Siguió acostándose con otras. Y empezó a dinamitar mi mundo. En la empresa, cuando por fin había llegado a directora, me descarriló el ritmo: proyectos suspendidos, juntas saboteadas, clientes perdidos.
¿La razón? Tenía que soltarlo todo a cualquier hora para ir a apagarle incendios.
Yo aguantaba la podredumbre de ese matrimonio mientras veía mi vida perder la forma. Y aun así, me aferré para cubrir las cuentas del hospital de mi mamá.
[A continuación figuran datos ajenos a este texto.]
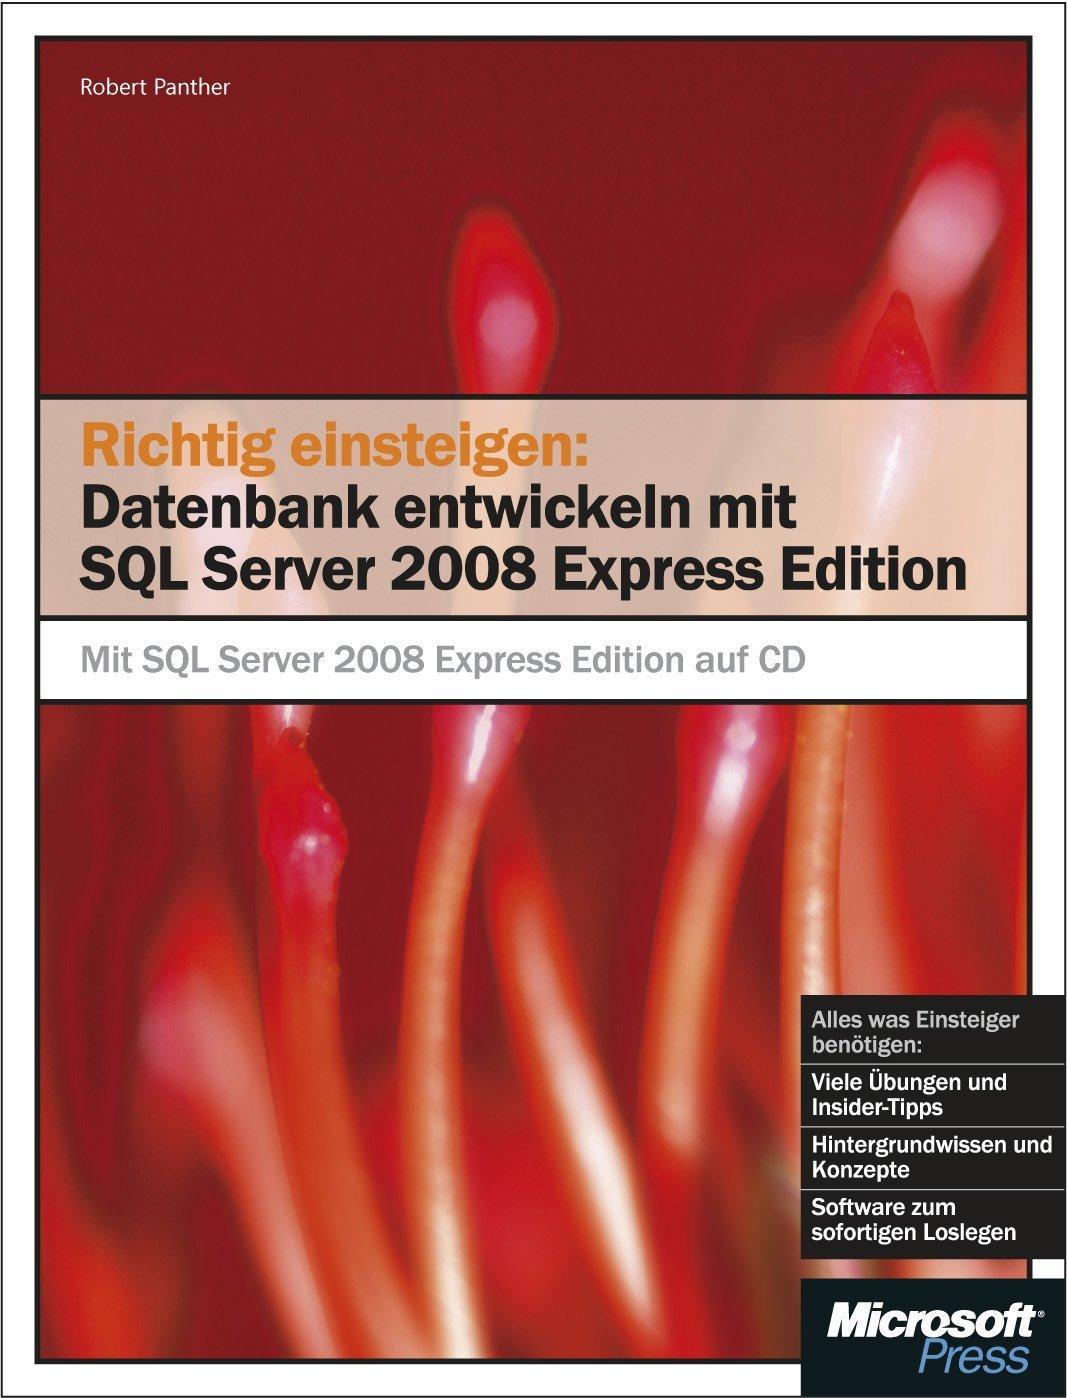 Richtig einsteigen: Datenbanken entwickeln mit SQL Server 2008 Express Edition Broschiert – 18. August 2009 Robert Panther Microsoft 3866452047 MAK_new_usd__9783866452046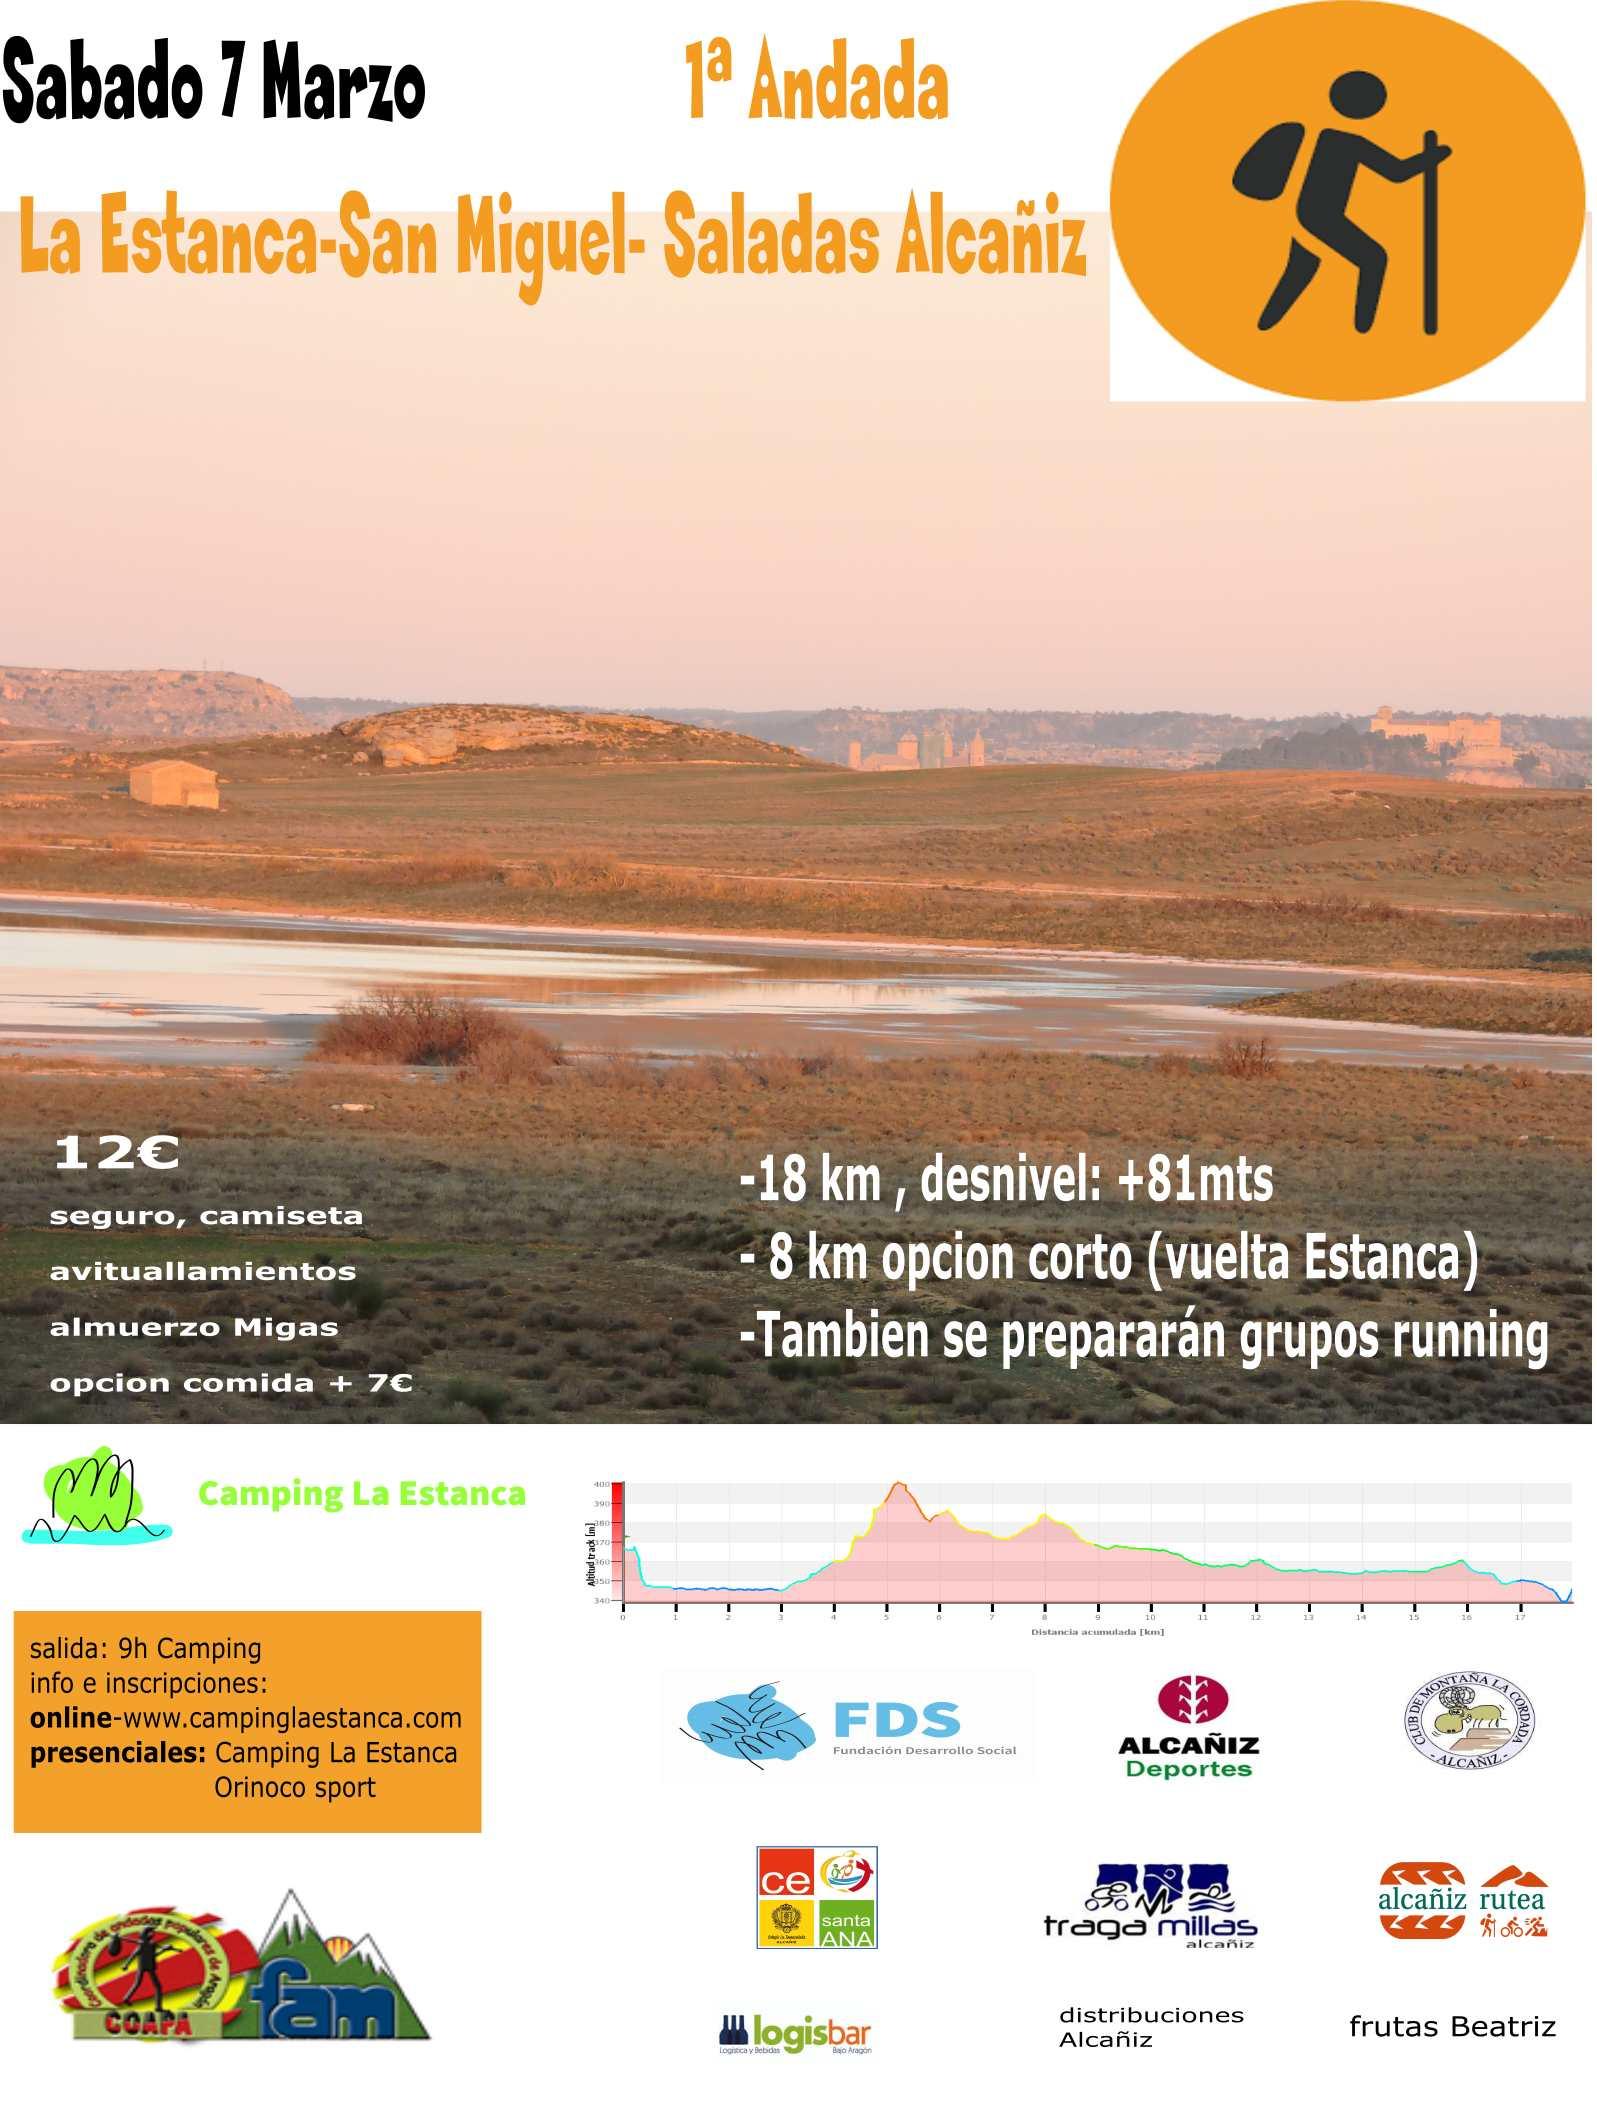 Cartel del evento ANDADA ESTANCA-LAS SALADAS 2020

Un día, ida de cansancio, caí por las escaleras.
Cuando desperté, me dijeron que estaba embarazada.
Renato fue a verme. Casi me suplicó:
—Deja a este bebé… quizá sea su último talón de Aquiles.
—Cuando nazca, si él no cambia, te juro que no vuelvo a detenerte.
Dudé, luché, al final acepté.
Y al final, mi madre murió, y mi hijo también. Me dio risa amarga: intenté domar a una bestia con ternura, y terminé devorada, sin dejar ni los huesos.
Sí: ahora no me quedó nada. Y por fin, no le tengo miedo a nada.